The conclusion of the chapter focuses on FBI Supervisory Special Agent Dwayne Fuselier, and moves the narrative forward to Monday, April 19, the day before the Columbine mass shooting. Fuselier, at the time, is head of the FBI’s domestic terrorism unit in Denver. Six years earlier, to the date, Fuselier was in Waco, Texas, watching FBI agents storm cult leader David Koresh’s Branch Davidian compound, while the structure burnt. Cullen identifies Fuselier as the “nation’s foremost hostage negotiator”; Fuselier was the last person, outside of Branch Davidian members, to ever speak to Koresh. Cullen concludes the chapter: “Speculation raged about the FBI’s role in the [Branch Davidian] blaze. The controversy nearly ended Attorney General Janet Reno’s career. Waco radicalized the anti-government militia movement, made April 19 into a symbol of perverse authority. Timothy McVeigh sought vengeance by bombing the Murrah Federal Building in Oklahoma on April 19, 1995 [two years after Waco]. His explosion killed 168 people, the largest terrorist attack in American history to that point”(31).
These opening chapters provide background on the area of south Jefferson County and Columbine High School while also illustrating the breadth of scope that Cullen’s text will take. While the shooters themselves, Eric Harris and Dylan Klebold, are included here, equal amounts of attention are given to understanding the community that surrounds them, in both the days and years before the attack.
While a mere ten miles away from Denver, Colorado’s urban center, Columbine and nearby Littleton are presented as a world apart. For many inhabitants, this is not accidental; Cullen explains that this part of Jefferson County filled up with affluent and predominately-white Coloradans who fled the diversity that accompanied Denver’s urbanity by the mid-1970s.
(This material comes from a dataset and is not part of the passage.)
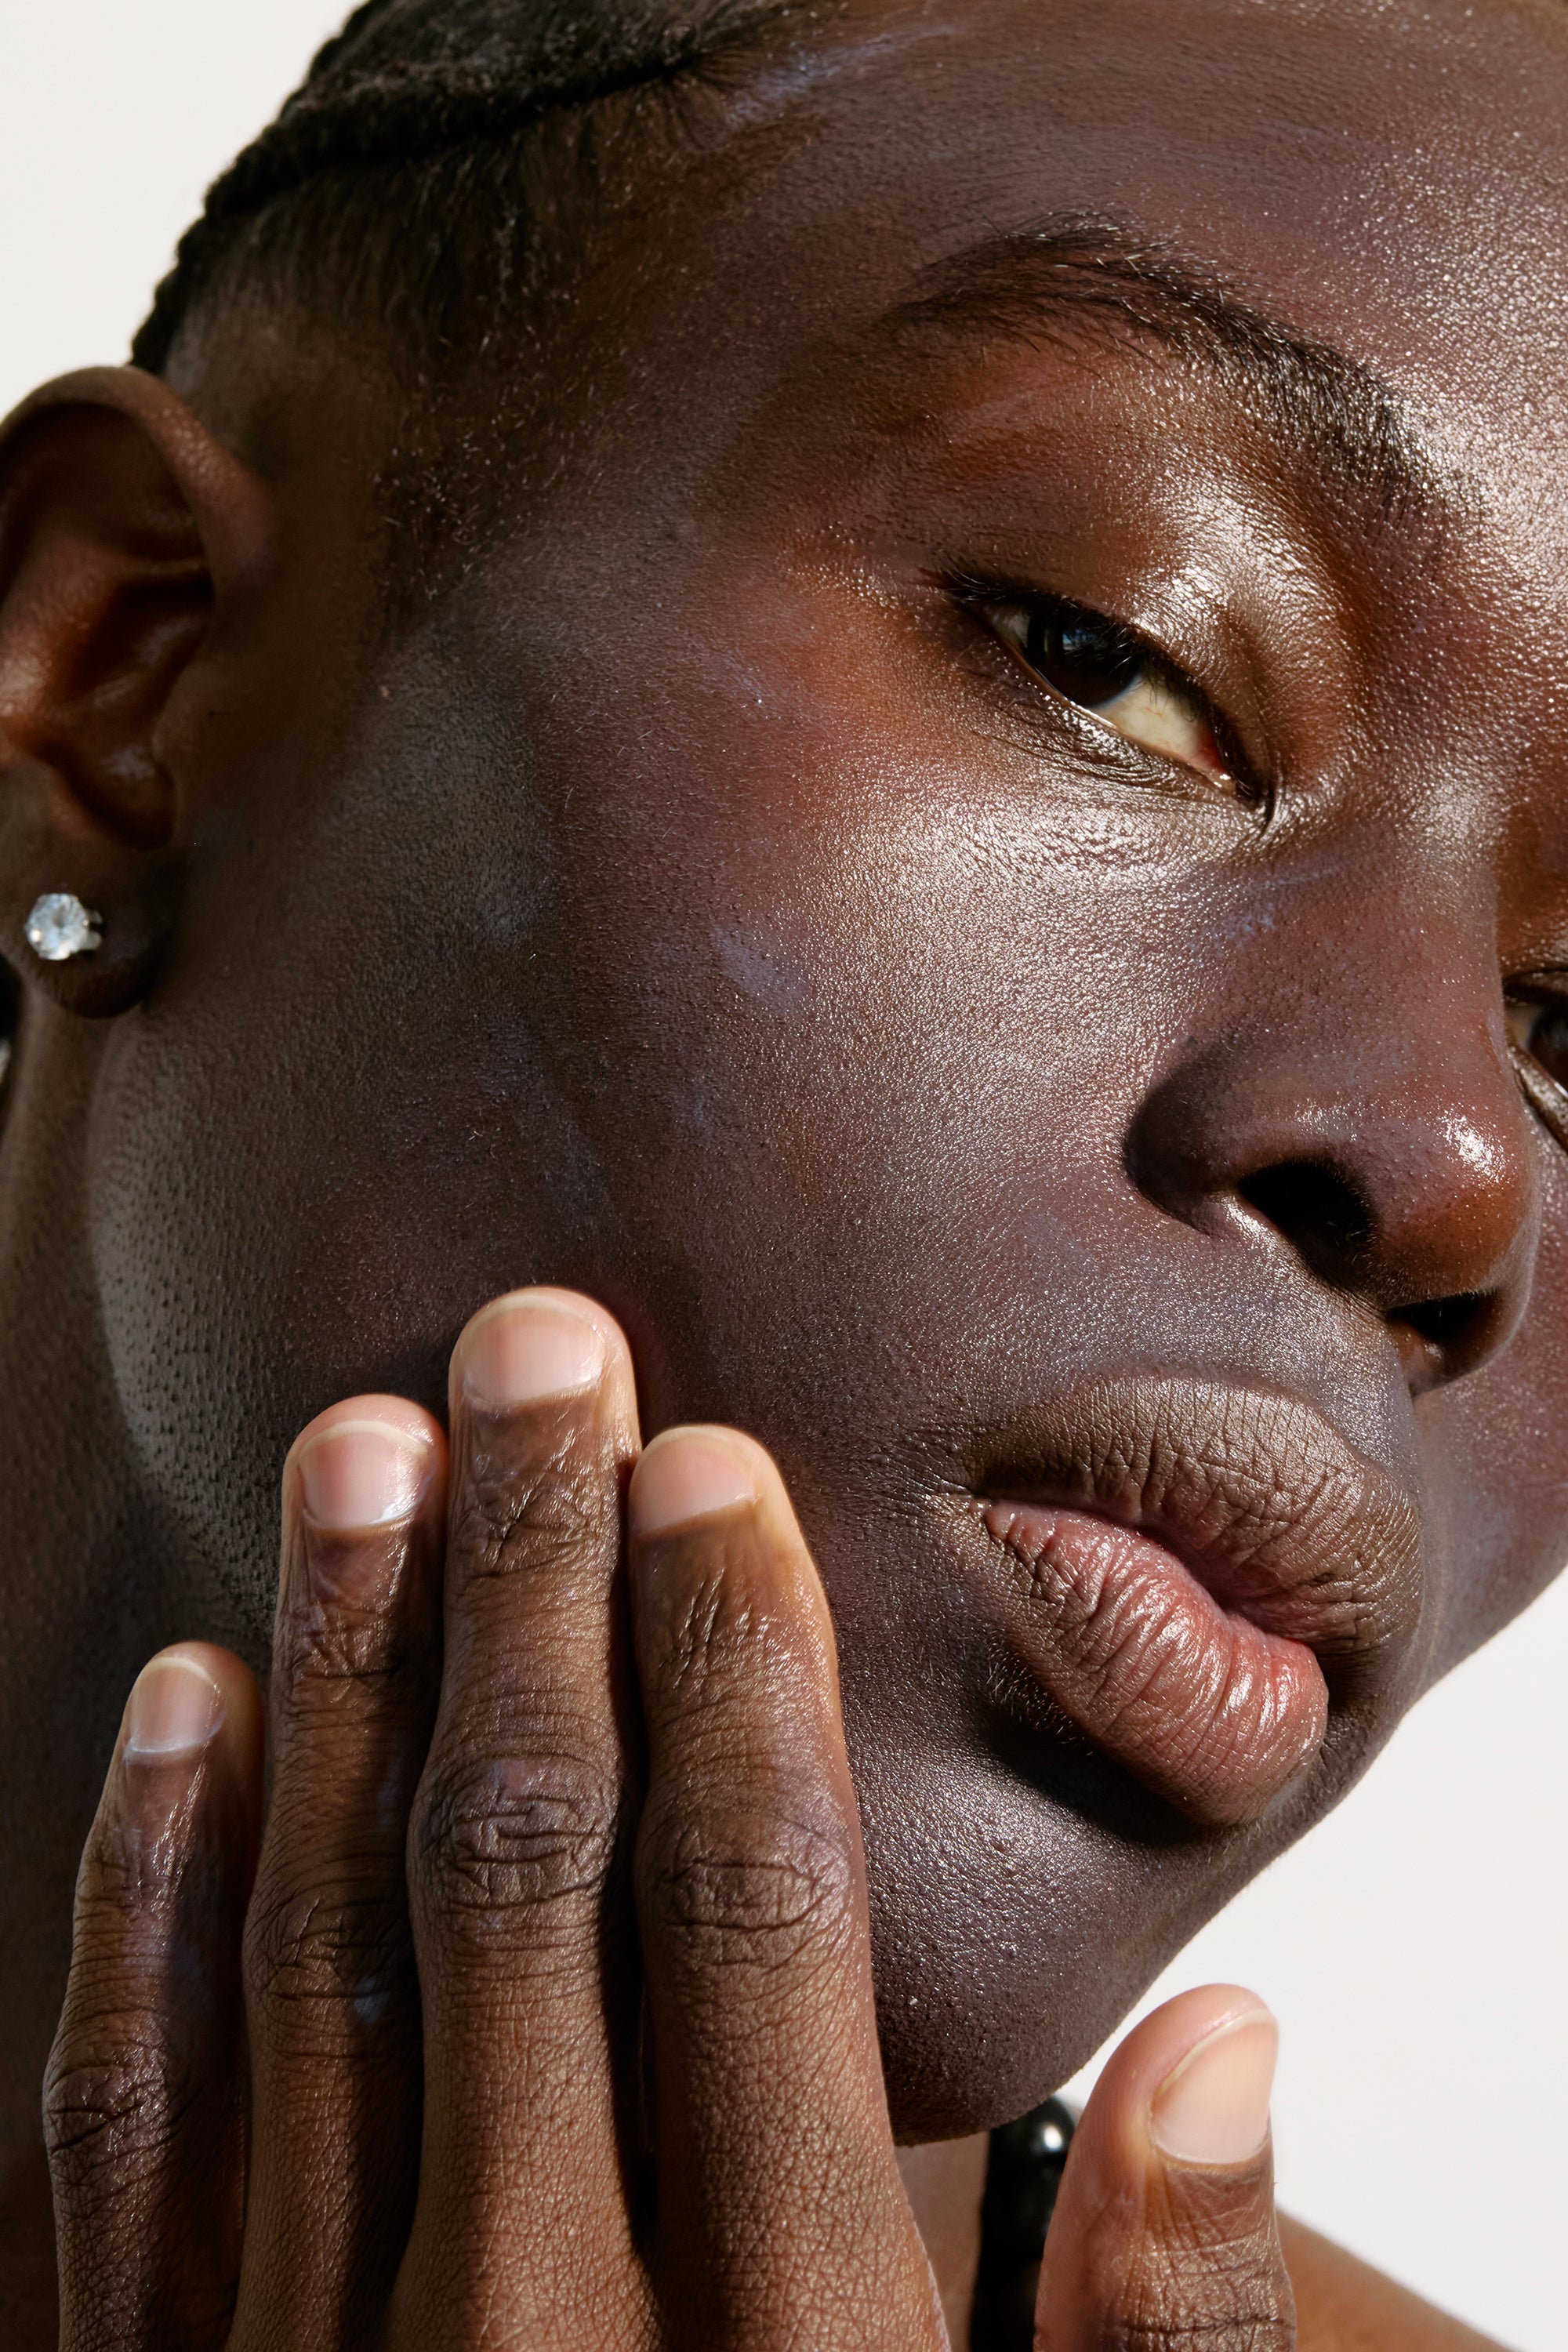 Close-up of a person with dark skin, short braided hair, and a small diamond earring. They are gently touching their cheek with well-groomed nails. The lighting highlights their smooth, dewy complexion thanks to the Freaks of Nature Skincare Daily System and subtle shimmer on their eyelids.

In Columbine, they found a place that was also a hotbed for Evangelical Christianity, a movement within Protestantism best known for its conversion experience of being “born again.” Evangelicalism and the Christian faith will play a large part in the Columbine community following the attacks.
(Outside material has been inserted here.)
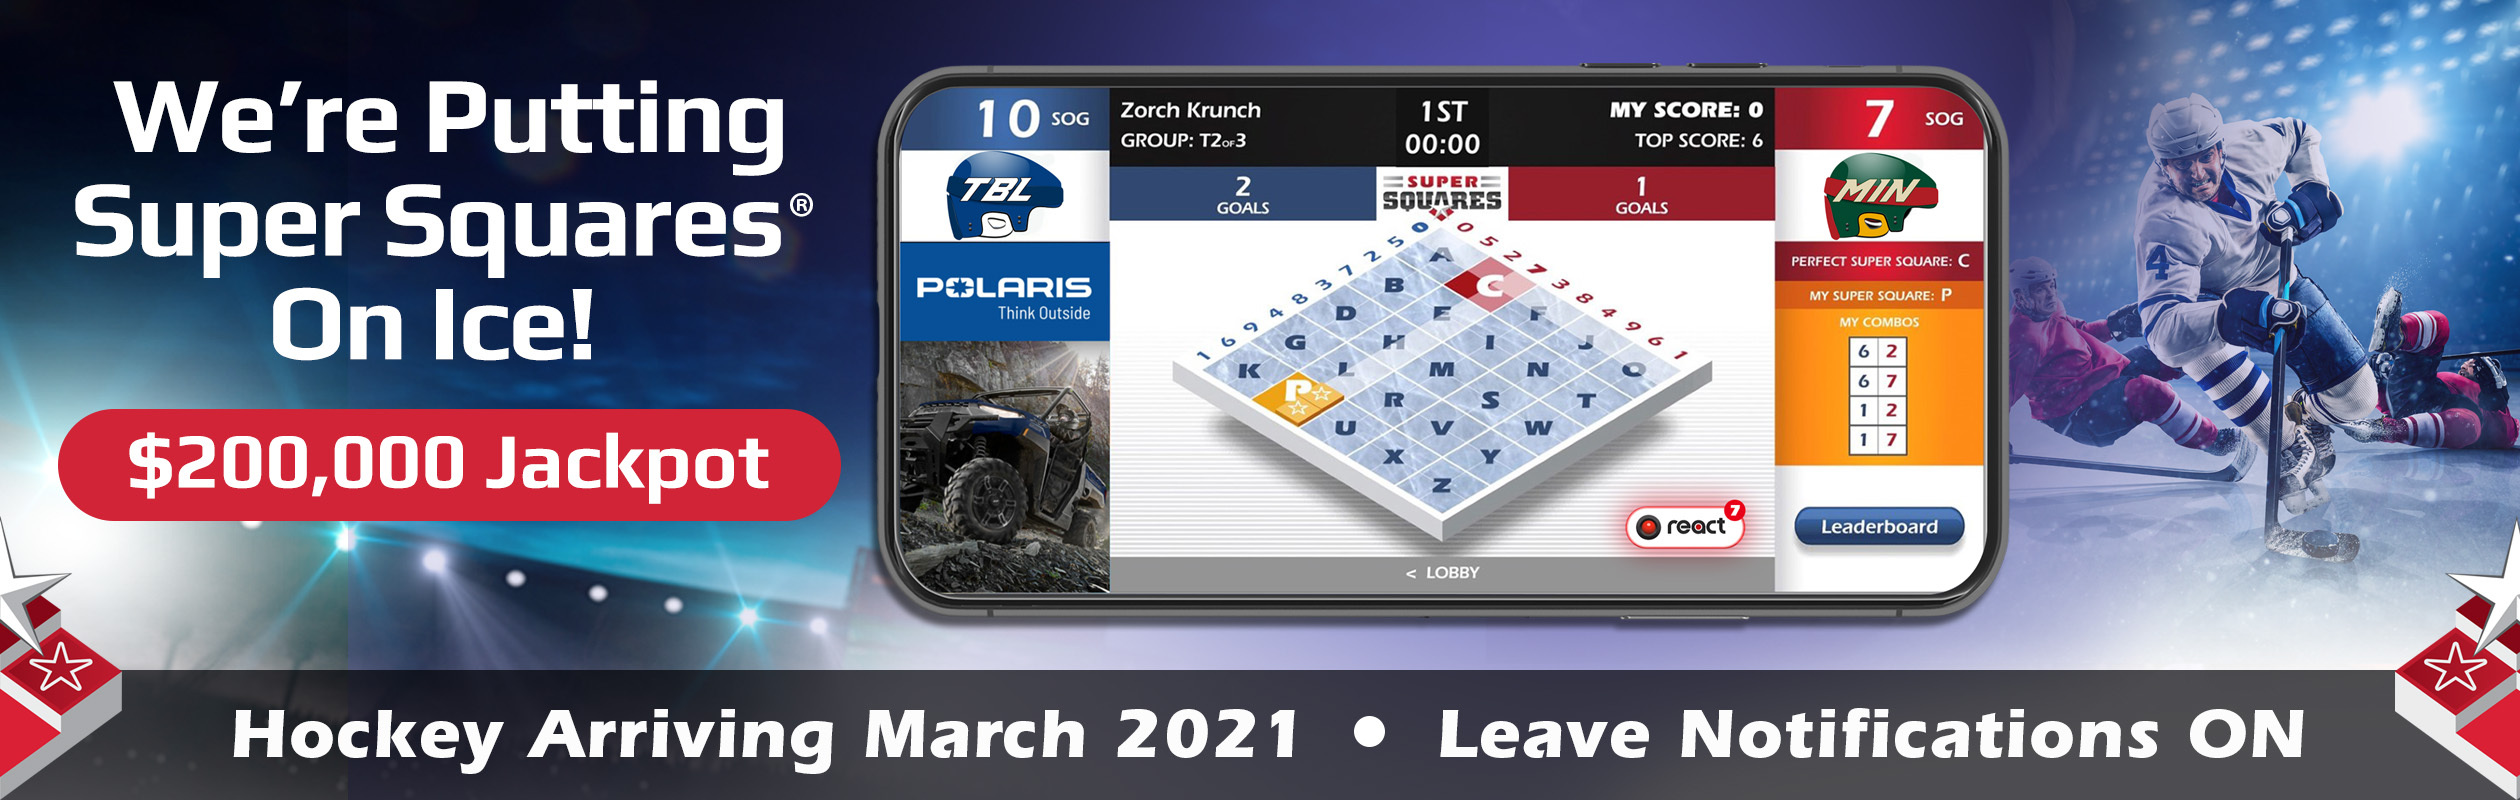 Super Squares® Takes Sports Prediction and Squares to a New Level

Eric and Dylan are painted in these early chapters as more ‘normal’ than abnormal. Both attend the prom, and Eric is worried about having a date for prom. Both have low-paying service positions. The two have a relatively large group of friends, and while Dylan is positioned as introverted and unsure of himself, neither is a loner or outcast. This truth will become more important in the wake of the attack, as the majority of mainstream media paints the duo as angry and perhaps homosexual Goths with a grudge against numerous peer groups.
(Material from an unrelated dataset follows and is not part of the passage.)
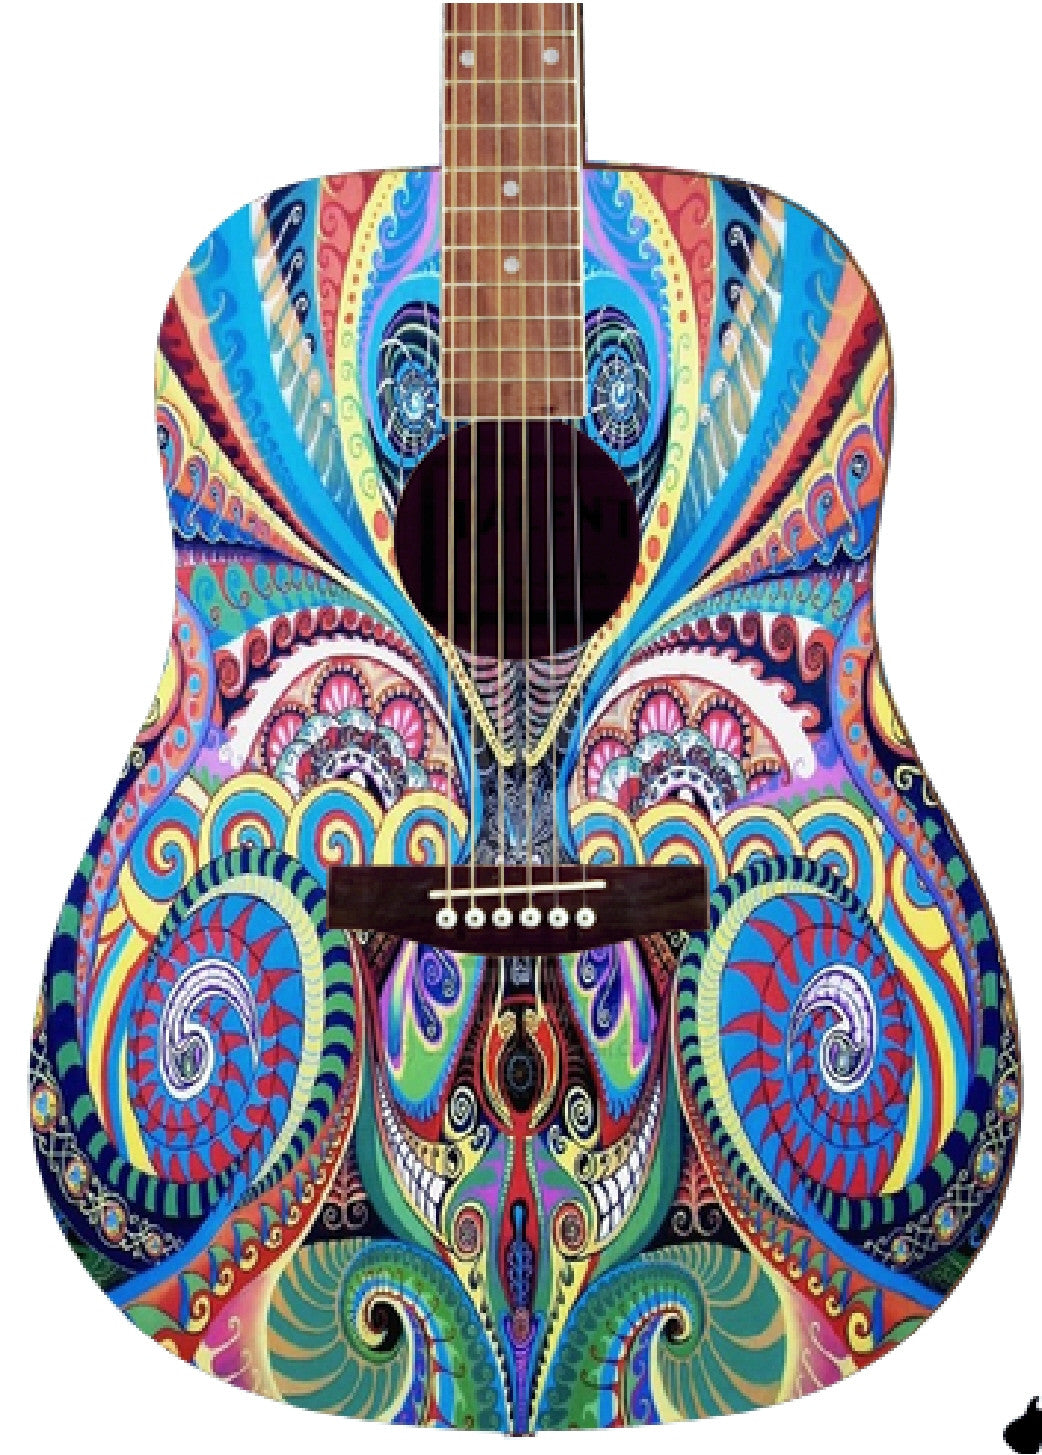 Custom Acoustic Guitar - Zion Graphic Collectibles

FBI Agent Dwayne Fuselier, a consistent presence in Columbine, is presented as someone Cullen has had thorough access to. Fuselier’s son attends Columbine High at the time of the attacks, and Fuselier, both prior to the attacks and after them, will play a part in some of the most memorable FBI-involved criminal cases of his time. While local law enforcement will work diligently to cover up its ineptitude, Fuselier will remain with the case for years in an attempt to come up with the answer as to why Eric and Dylan carried out the attack on the school.
By starting the book with the lens pulled back, and not with the attack itself, Cullen paints Columbine High and Jefferson County as a picture of suburban flyover-zone normalcy: Christian, predominately white, relatively affluent. Four out of five students at Columbine go on to college. Much like the locales of school shootings leading up to Columbine, the average person had never heard of this community; it was exceptional for how unexceptional it was.